Leading AI lab builds team of STEM experts to improve domain-specific, multimodal reasoning
Problem
A leading AI lab sought to identify areas within K-12 STEM education where their large language model (LLM) struggled to generate accurate responses. To do so, they needed help sourcing a reliable and diverse team of STEM experts to evaluate their models and provide new domain-specific training data that would push the limitations of their LLM.
Solution
Labelbox's Labeling Services utilized the Alignerr network to assemble a team of highly skilled STEM experts with advanced degrees (PhDs and Masters) in fields like chemistry, biology, and engineering. Using their expertise, they created original multimodal (text and image) prompts and accurate answers to evaluate and improve the model’s responses.
Result
Labelbox's team of STEM experts consistently generated unique multimodal reasoning prompts that identified the model's limitations, enabling the lab to target key areas for improvement and drive performance enhancements. Labelbox is now a pivotal, fully integrated partner in delivering high-quality, domain-specific STEM data for the lab’s real-time loss training workflow.

Introduction
A leading AI lab aimed to identify areas within elementary, middle, and high school (K-12) STEM where their cutting-edge LLM struggled to generate accurate responses. Their goal was to find a reliable team that could seamlessly integrate into their real-time loss workflow to generate complex, differentiated multimodal (image and text) prompts, pinpointing the exact areas where the model needed improvement.
However, they faced a critical obstacle in generating unique, domain-specific image and text pairs—sourcing a large group of qualified STEM experts with expertise across technical domains such as biology, physics, engineering, and earth sciences.
Delivering differentiated, multimodal STEM data
The AI lab required a reliable data vendor with expertise in multimodal STEM, and Labelbox’s Labeling Services rose to the challenge. Powered by Alignerr, our talent pool spans a wide range of industry-specific domains, supports multiple languages, and can pull for a diverse group of experts from around the world.
With the ability to quickly source experts, execute a 24-hour calibration period, and manage projects from start to finish, Labelbox swiftly assembled a team of skilled STEM experts to tackle the task.
The task at hand was more than a simple labeling or evaluation task; it was significantly complex with detailed instructions that required original thinking. The AI trainer was asked to generate complex prompts that include images and text (multimodal) that covered a wide variety of STEM fields from all grade levels. Prompts were adjusted until they pushed the limits of the LLM, and then accurate responses were created to help train the model.

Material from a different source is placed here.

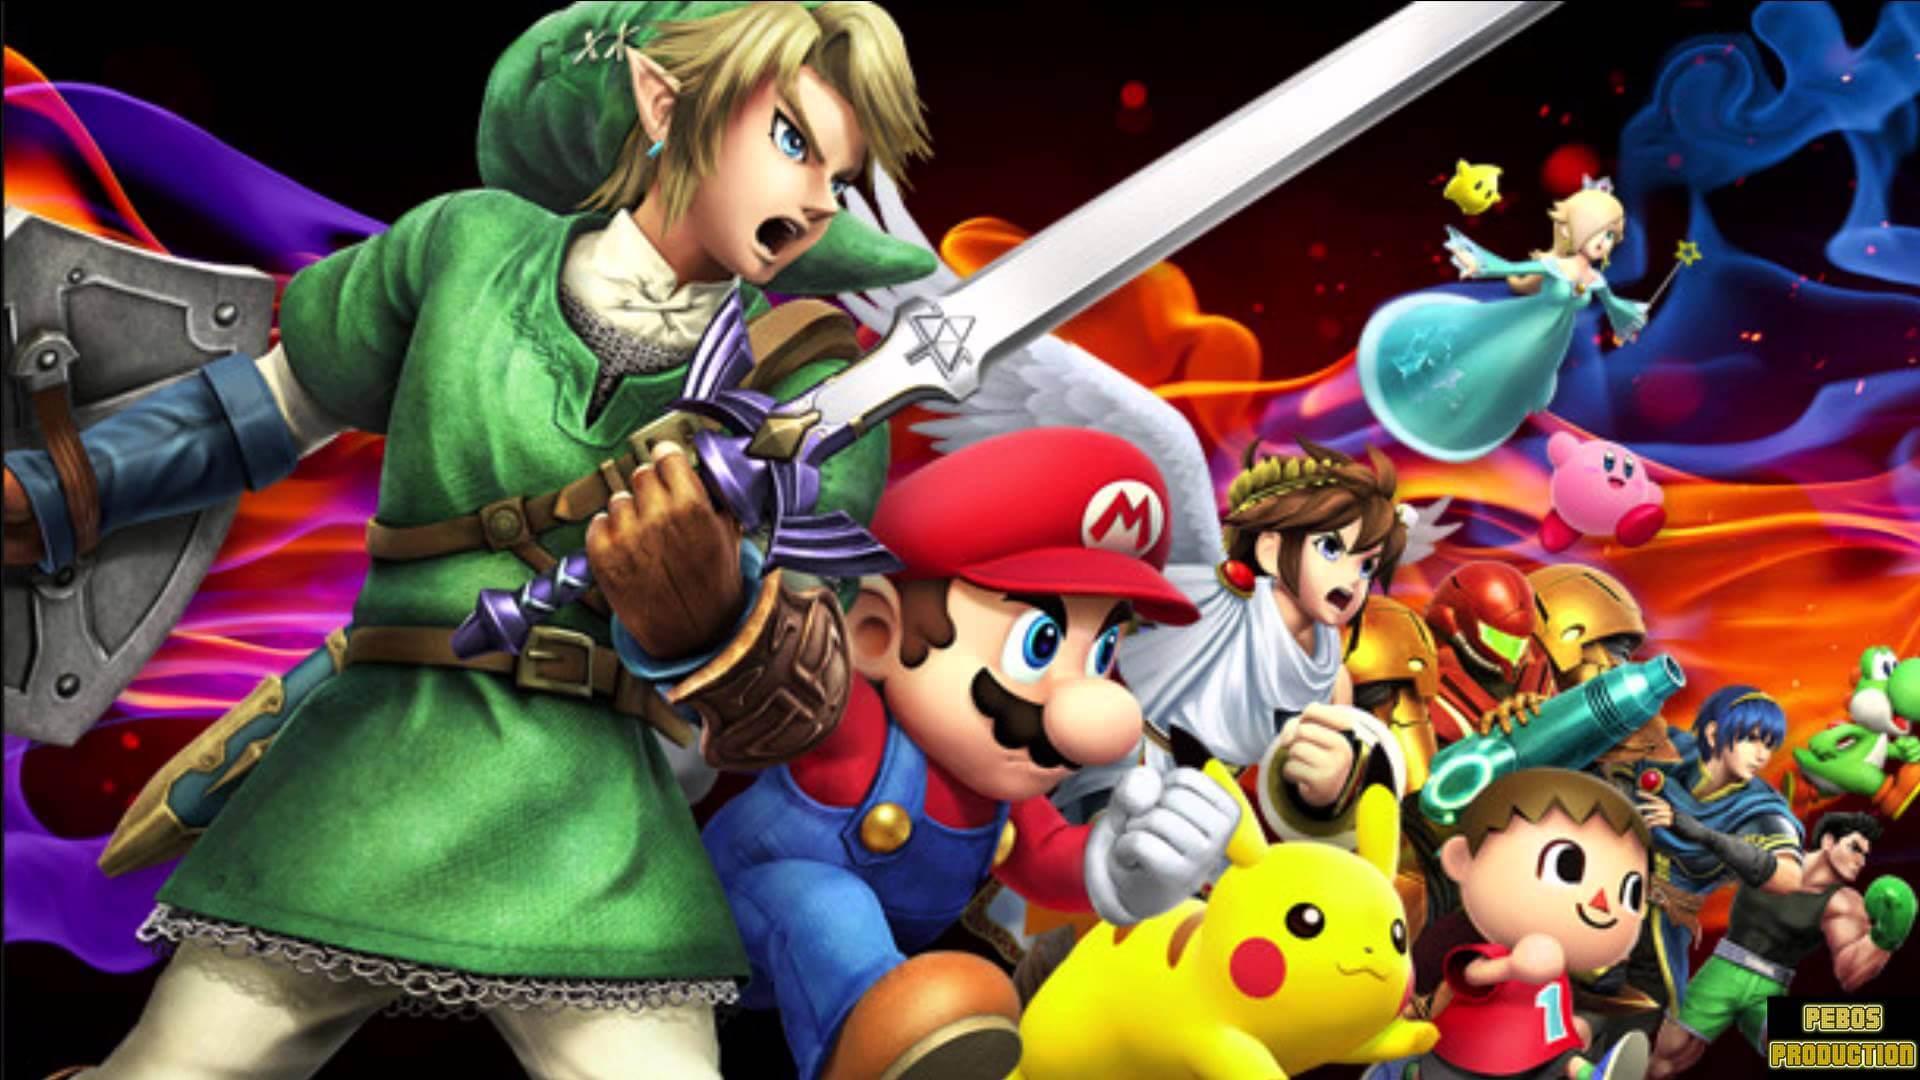 Rumor: Super Smash Bros Set for Nintendo NX Release?

Given the complexity of the task, it demanded the expertise of top-tier domain specialists to create challenging prompt-response pairs. Labelbox carefully vetted hundreds of STEM experts in fields like engineering, math, and physics, ultimately selecting 150 highly qualified professionals with PhDs and Master's degrees. Under strict guidelines, the final datasets had to include original prompts that were not easily searchable or available online, covering a broad range of STEM topics.
“My advanced mathematics degree and AP teaching experiences helped me craft nuanced and novel questions that challenged existing AI models. It was exciting to generate multimodal datasets and challenged me to think about certain topics differently. My domain expertise was crucial to creating impactful datasets that will help advance the capabilities of AI.” - Derek H. Math masters and AP math teacher”
After creating the multimodal prompts and their corresponding responses, the team evaluated whether the AI lab’s model struggled with the prompts they created. Only if the model provided incorrect answers multiple times, was the prompt then considered a 'winning label.'
Improving domain-specific tasks performance with experts and software
The AI lab’s overarching goal was to enhance their real-time loss training workflow, which lacked a qualified team of experts to consistently evaluate their models and generate high-quality feedback. This workflow was crucial to their AI development process enabling continuous improvement, identifying model weaknesses, and integrating humans-in-the-loop—all essential for improving the LLM’s performance on domain-specific tasks.
Labelbox’s multimodal chat editor was crucial in incorporating expert human feedback, enabling clear labeling instructions, and permitting the direct evaluation of generated prompts using their specific LLM.
After multiple rounds of evaluation and expert review, Labelbox delivered a new multimodal dataset that significantly enhanced the AI lab’s model performance on complex STEM questions. With a reliable team of experts in place, the lab now has an efficient real-time loss workflow that continuously identifies weaknesses in STEM queries, allowing for precise improvements to their LLM.